Invariance Textbook Problem: Clarification Needed

Question

I am currently reading Michael Soltys' Analysis of Algorithms (2nd Edition), and Problem 1.13 of the subsection titled Invariance reads:

Let $n$ be an odd number, and suppose that we have the set $\{1,2,\dots,2n\}$. We pick any two numbers $a$, $b$ in the set, delete them from the set, and replace them with $|{a-b}|$. Continue repeating this until just one number remains in the set; show that this remaining number must be odd.

However, I picked $n=3$ and performed the following.

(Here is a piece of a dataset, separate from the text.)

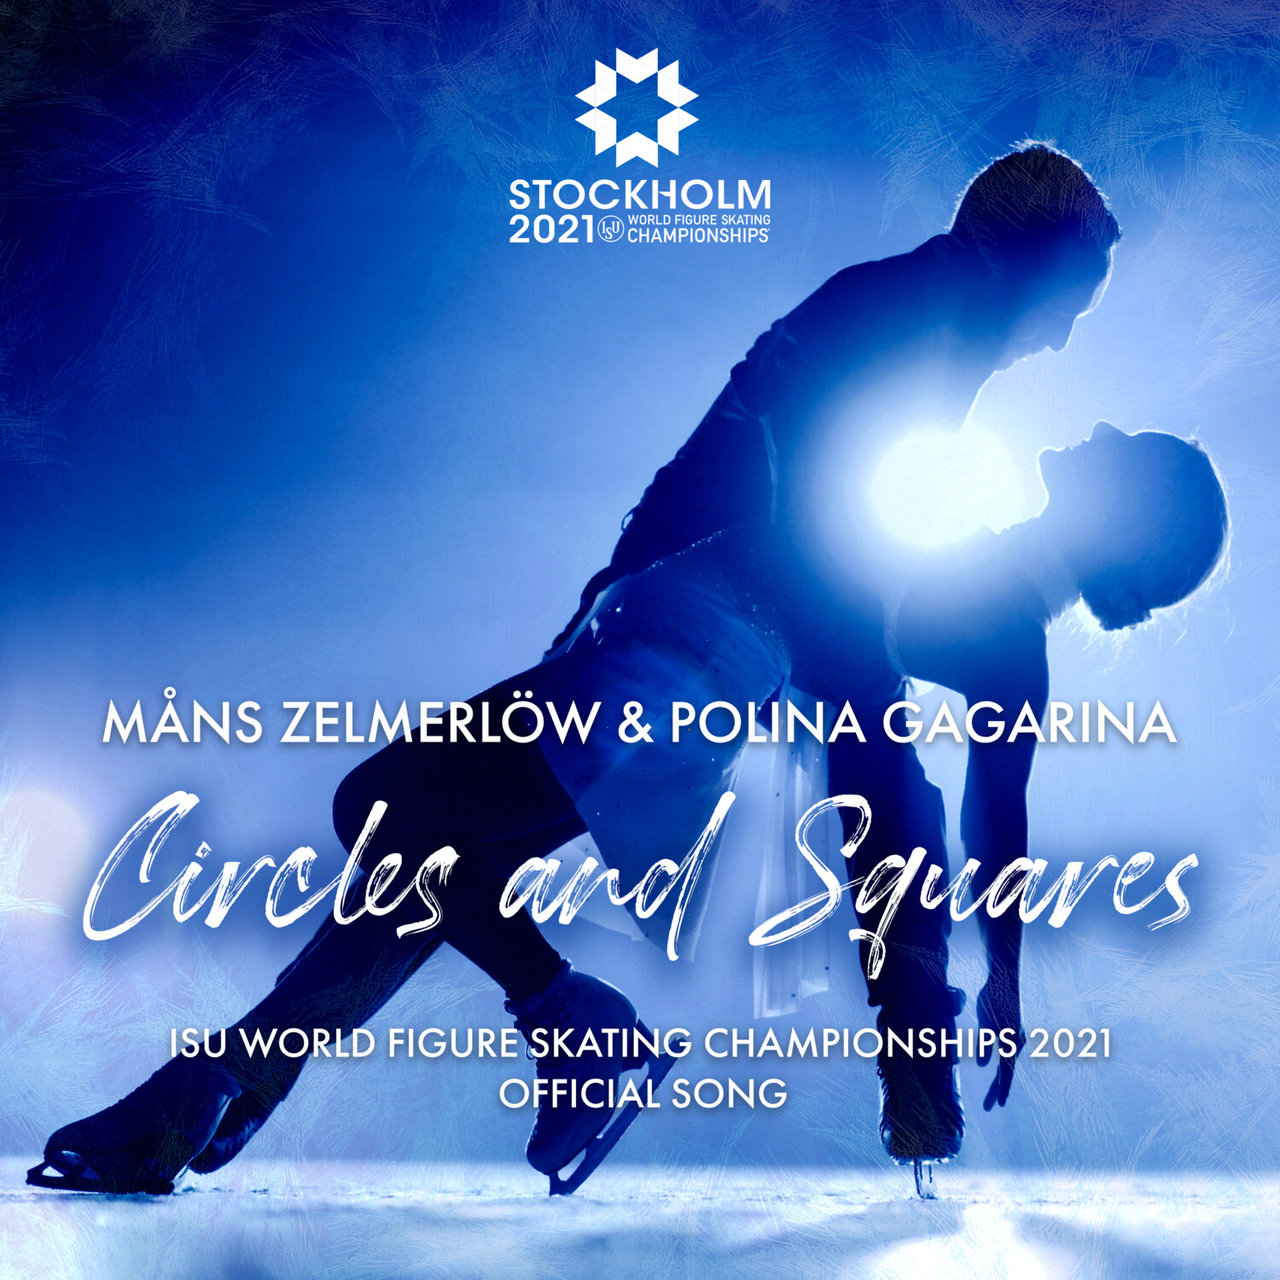 Måns Zelmerlöw & Polina Gagarina Circles and Squares cover artwork
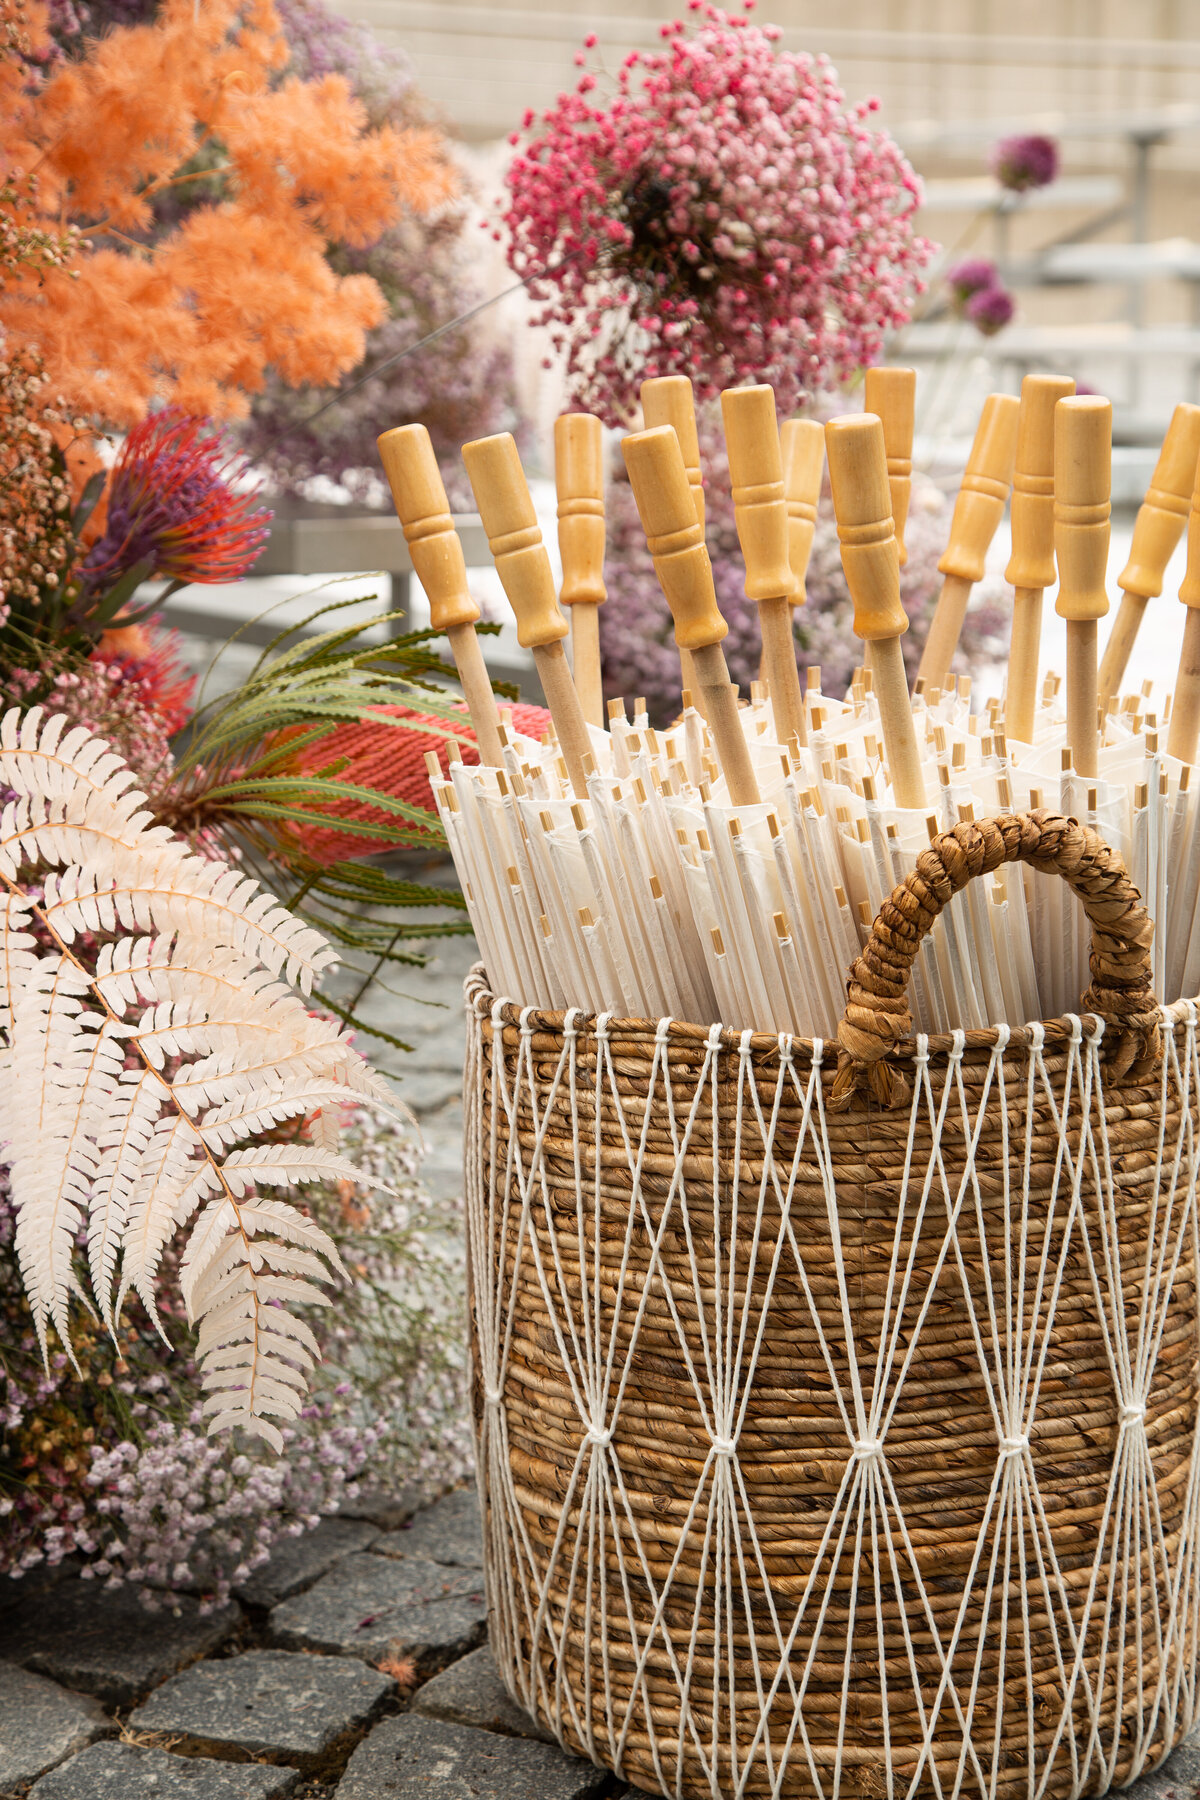 Basket of umbrellas and floral details at estate wedding

• I start with $\{1,2,3,4,5,6\}$.
• I pick $1$ and $2$; I end up with $(\{1,2,3,4,5,6\}-\{1,2\})\cup\{|{1-2}|\}=\{1,3,4,5,6\}$.
• I pick $1$ and $6$; I end up with $\{3,4,5\}$.
• I pick $3$ and $5$; I end up with $\{2,4\}$.
• And finally, I pick $2$ and $4$; I end up with $\{2\}$.

Clearly, $2$ is not an odd number.

Is there something I misunderstood in my attempt?

Answer 1

I think they don't mean to consider a "set" of numbers (where $\{3, 4, 5, 5\} = \{3, 4, 5\}$) but rather a list or multiset of numbers.

In that case the result is true: initially the sum of the entries of the list is $n(2n+1)$ which is odd, and at each step the parity of the sum of the entries is preserved. When you choose $a, b$, the sum changes from its old value $s$ to $s-a-b+ |b-a|$. If $a, b$ are even then $-a-b+|b-a|$ is clearly even, if they are both odd then $-a-b$ is even as is $|b-a|$, and if one is even and one odd then $-a-b$ is odd and $|b-a|$ is odd so $-a-b+|b-a|$ is odd+odd=even.